1. It will do no good to preach to you while your hearts are in this hardened, and waste, and fallow state. The farmer might just as well sow his grain on the rock. It will bring forth no fruit. This is the reason why there are so many fruitless professors in the Church, and why there is so much outside machinery and so little deep-toned feeling. Look at the Sabbath-school, for instance, and see how much machinery there is and how little of the power of godliness. If you go on in this way the Word of God will continue to harden you, and you will grow worse and worse, just as the rain and snow on an old fallow field make the turf thicker and the clods stronger.

2. See why so much preaching is wasted, and worse than wasted. It is because the Church will not break up their fallow ground. A preacher may wear out his life, and do very little good, while there are so many "stony-ground" hearers, who have never had their fallow ground broken up. They are only half converted, and their religion is rather a change of opinion than a change of the feeling of their hearts. There is mechanical religion enough but very little that looks like deep heart-work.

3. Professors of religion should never satisfy themselves, or expect a revival, just by starting out of their slumbers, and blustering about, and talking to sinners. They must get their fallow ground broken up. It is utterly unphilosophical to think of getting engaged in religion in this way.

If your fallow ground is broken up, then the way to get more feeling is to go out and see sinners on the road to hell, and talk to them, and guide inquiring souls, and you will get more feeling. You may get into an excitement without this breaking up; you may show a kind of zeal, but it will not last long, and it will not take hold of sinners, unless your hearts are broken up. The reason is, that you go about it mechanically, and have not broken up your fallow ground.

4. And now, finally, will you break up your fallow ground? Will you enter upon the course now pointed out and persevere till you are thoroughly awake? If you fail here, if you do not do this, and get prepared, you can go no farther with me. I have gone with you as far as it is of any use to go until your fallow ground is broken up. Now, you must make thorough work upon this point, or all I have further to say will do you little good.

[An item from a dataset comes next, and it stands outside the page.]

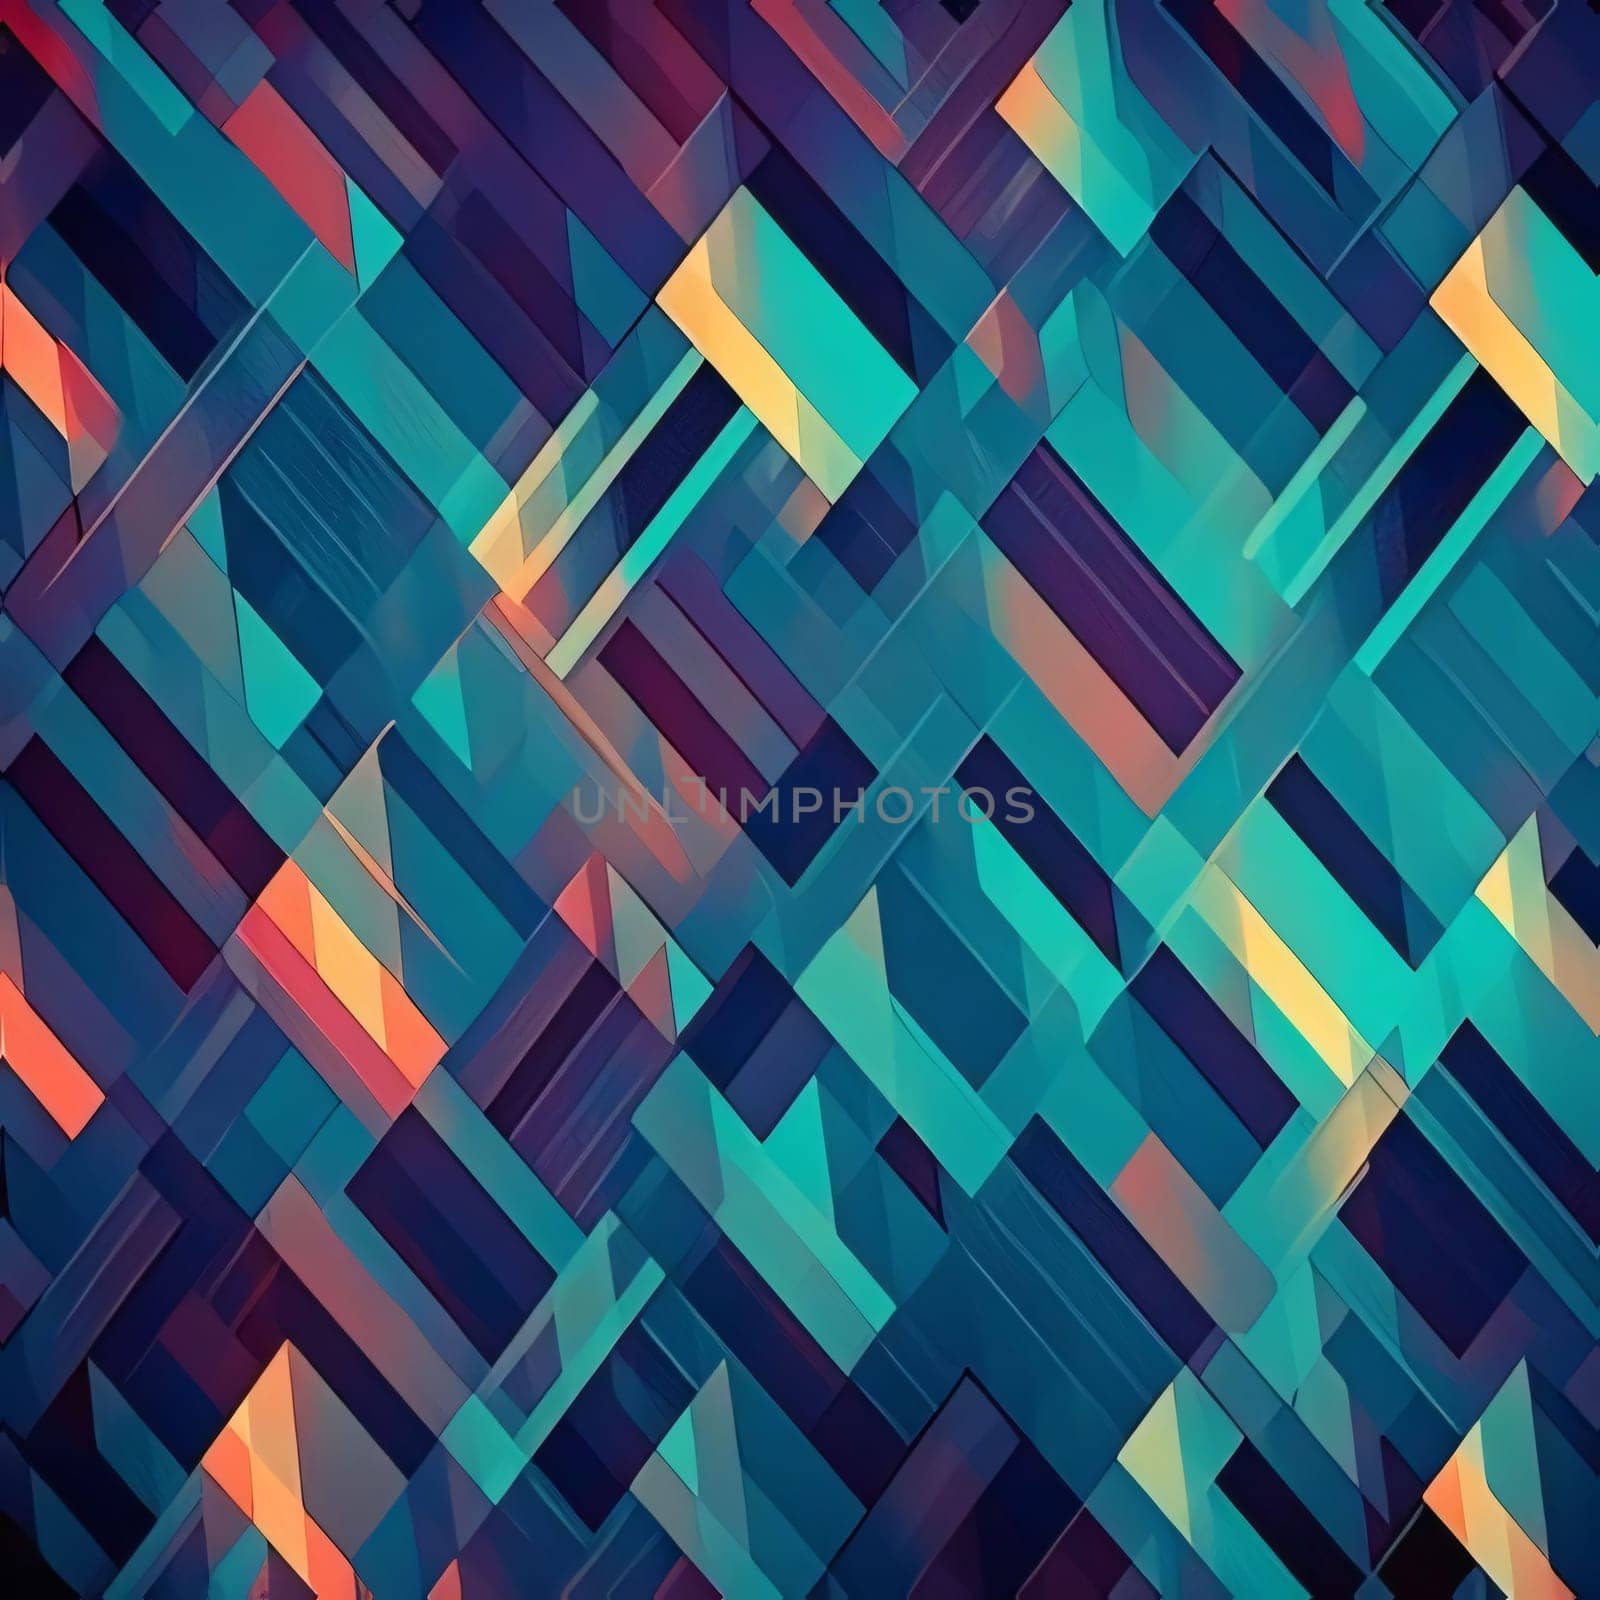 Abstract background design: abstract background with geometric pattern in blue and red colors, vector illustration

Nay, it will only harden, and make you worse. If, when next Lecture-night arrives it finds you with unbroken hearts, you need not expect to be benefitted by what I shall say. If you do not set about this work immediately I shall take it for granted that you do not mean to be revived, that you have forsaken your minister, and mean to let him go up to battle alone. If you do not do this, I charge you with having forsaken Christ, with refusing to repent and do your first works. But if you will be prepared to enter upon the work, I propose, God willing, in the next Lecture, to lead you into the work of saving sinners.